Influence Line for \boldsymbol A_{y}.

\begin{array}{c} +\uparrow \sum F_{y}=0 \\ A_{y}-1+C_{y}+E_{y}=0 \\ A_{y}=1-C_{y}-E_{y} \end{array}

By substituting the expressions for C_{y} and E_{y}, we obtain the following equations of the influence line for A_{y} :

A_{y}=\left\{\begin{array}{rr} 1-\frac{x}{20}-0=1-\frac{x}{20} & 0 \leq x \leq 40  \mathrm{ft} \\ 1-\left(6-\frac{x}{20}\right)-\left(\frac{x}{20}-2\right)=\frac{x}{20}-3 & 40  \mathrm{ft} \leq x \leq 60  \mathrm{ft} \end{array}\right.

The influence line for A, is shown in Fig. 8.5 (c).

Influence Line for Shear at Just to the Right of \boldsymbol C, \boldsymbol S_{C, R}.

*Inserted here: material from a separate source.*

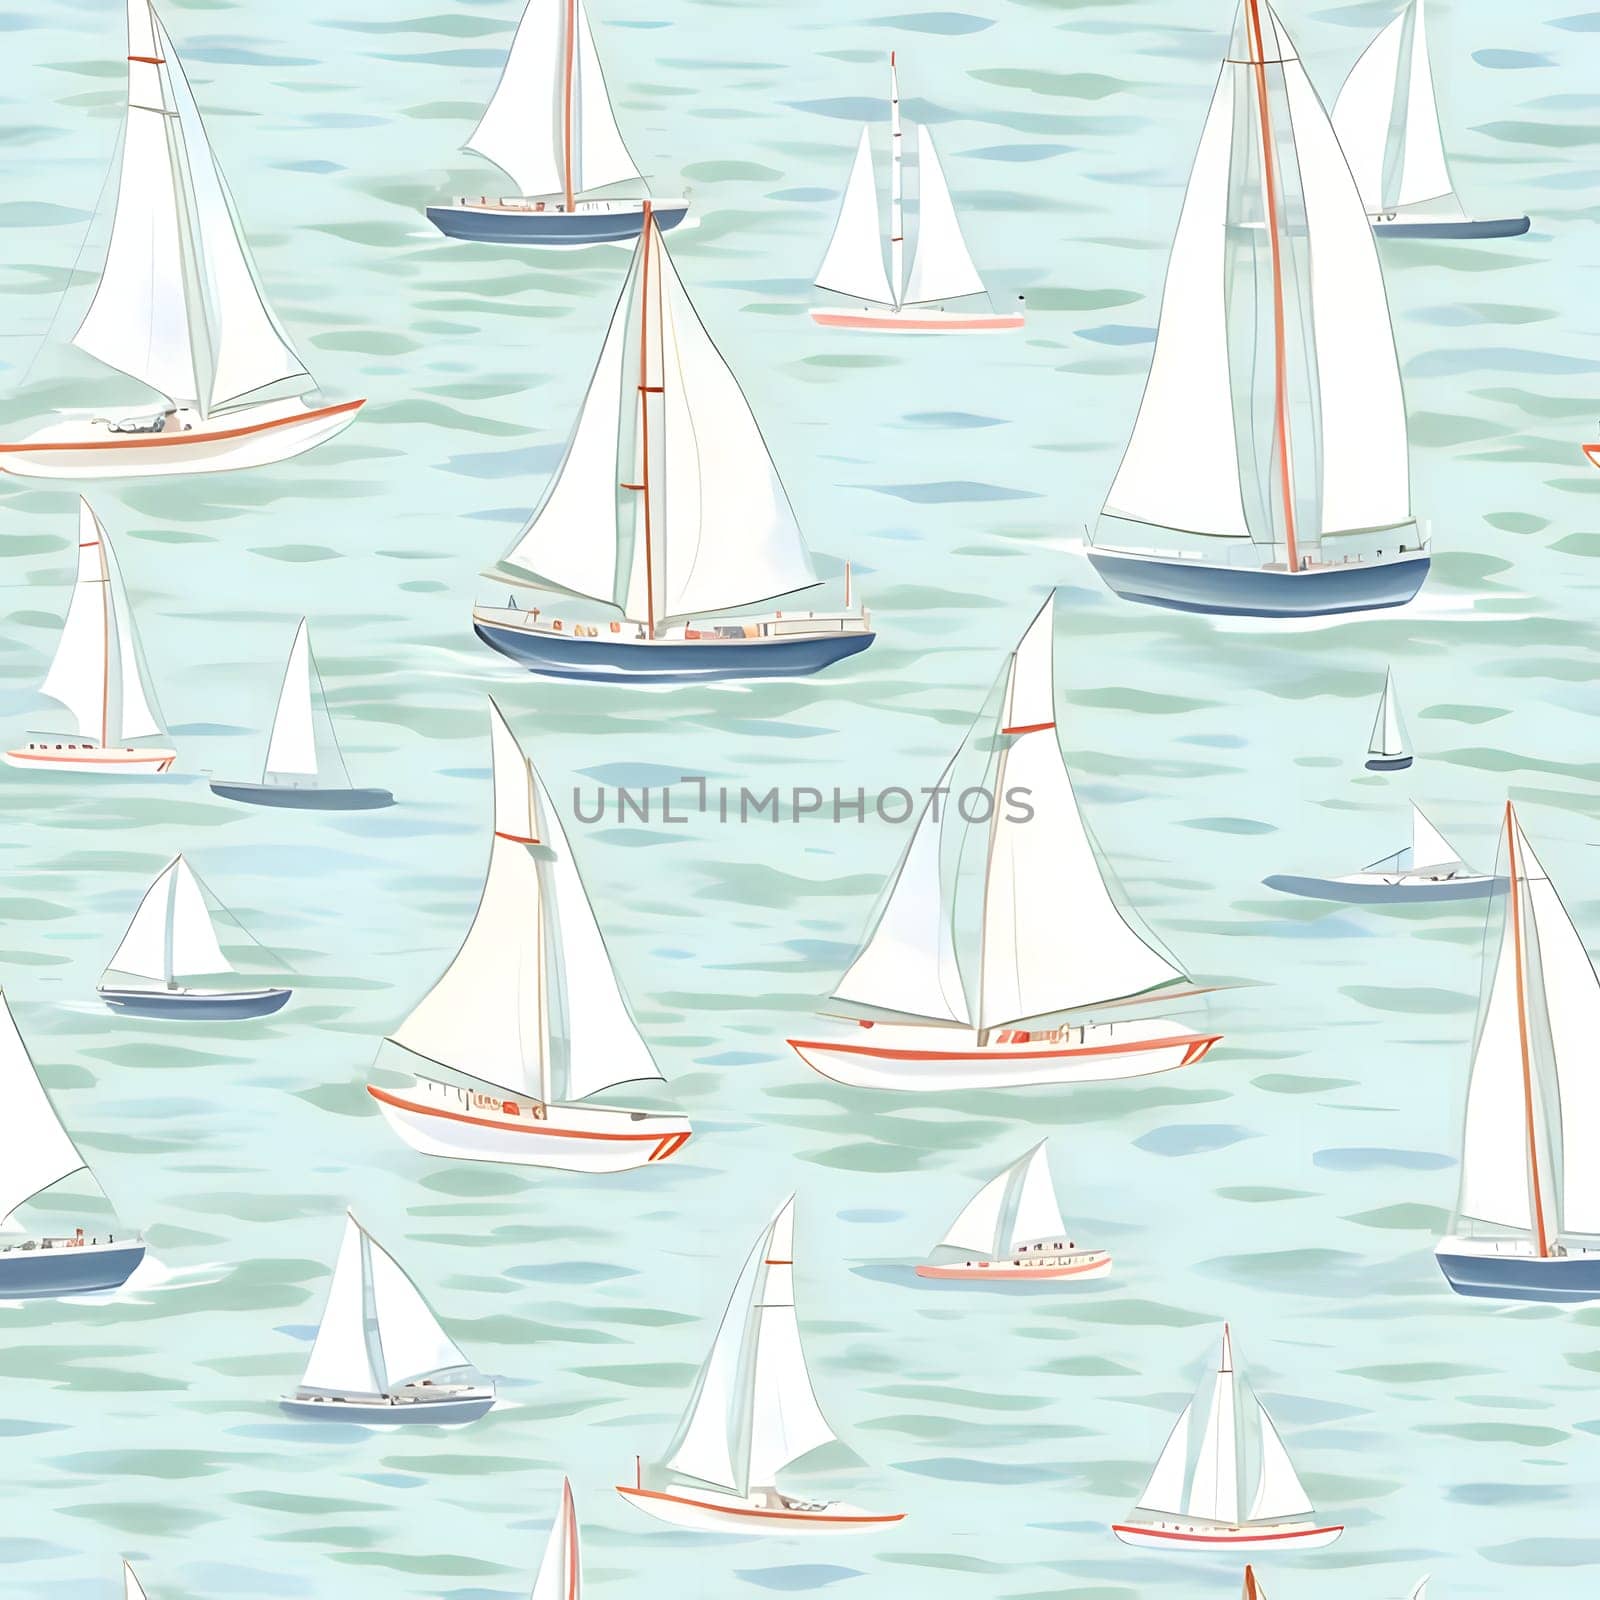 Patterns and banners backgrounds: Seamless pattern with sailboats on the water. Vector illustration.

s_{c, R}=\left\{\begin{array}{ll} -E_{y} & 0 \leq x<20  \mathrm{ft} \\ 1-E_{y} & 20  \mathrm{ft}<x \leq 60   \mathrm{ft} \end{array}\right.

By substituting the expressions for E_{\text {Y }}, we obtain

s_{c, R}=\left\{\begin{array}{cc} 0 & 0 \leq x<20  \mathrm{ft} \\ 1-0=1 & 20  \mathrm{ft}<x \leq 40 \mathrm{ft} \\ 1-\left(\frac{x}{20}-2\right)=3-\frac{x}{20} & 40  \mathrm{ft} \leq x \leq 60  \mathrm{ft} \end{array}\right.

The influence line for S_{C, R} is shown in Fig. 8.5(f).

Influence Line for \boldsymbol M_{B}.

M_{B}=\left\{\begin{array}{lr} 10 A_{y}-1(10-x) & 0 \leq x \leq 10  \mathrm{ft} \\ 10 A_{y} & 10  \mathrm{ft} \leq x \leq 60  \mathrm{ft} \end{array}\right.

By substituting the expressions for A_{Y}, we obtain

M_{B}=\left\{\begin{array}{rr} 10\left(1-\frac{x}{20}\right)-1(10-x)=\frac{x}{2} & 0 \leq x \leq 10  \mathrm{ft} \\ 10\left(1-\frac{x}{20}\right)=10-\frac{x}{2} & 10  \mathrm{ft} \leq x \leq 40  \mathrm{ft} \\ 10\left(\frac{x}{20}-3\right)=\frac{x}{2}-30 & 4  \mathrm{ft} \leq x \leq 60  \mathrm{ft} \end{array}\right.

The influence line for M_{B} is shown in Fig. 8.5(\mathrm{~g}).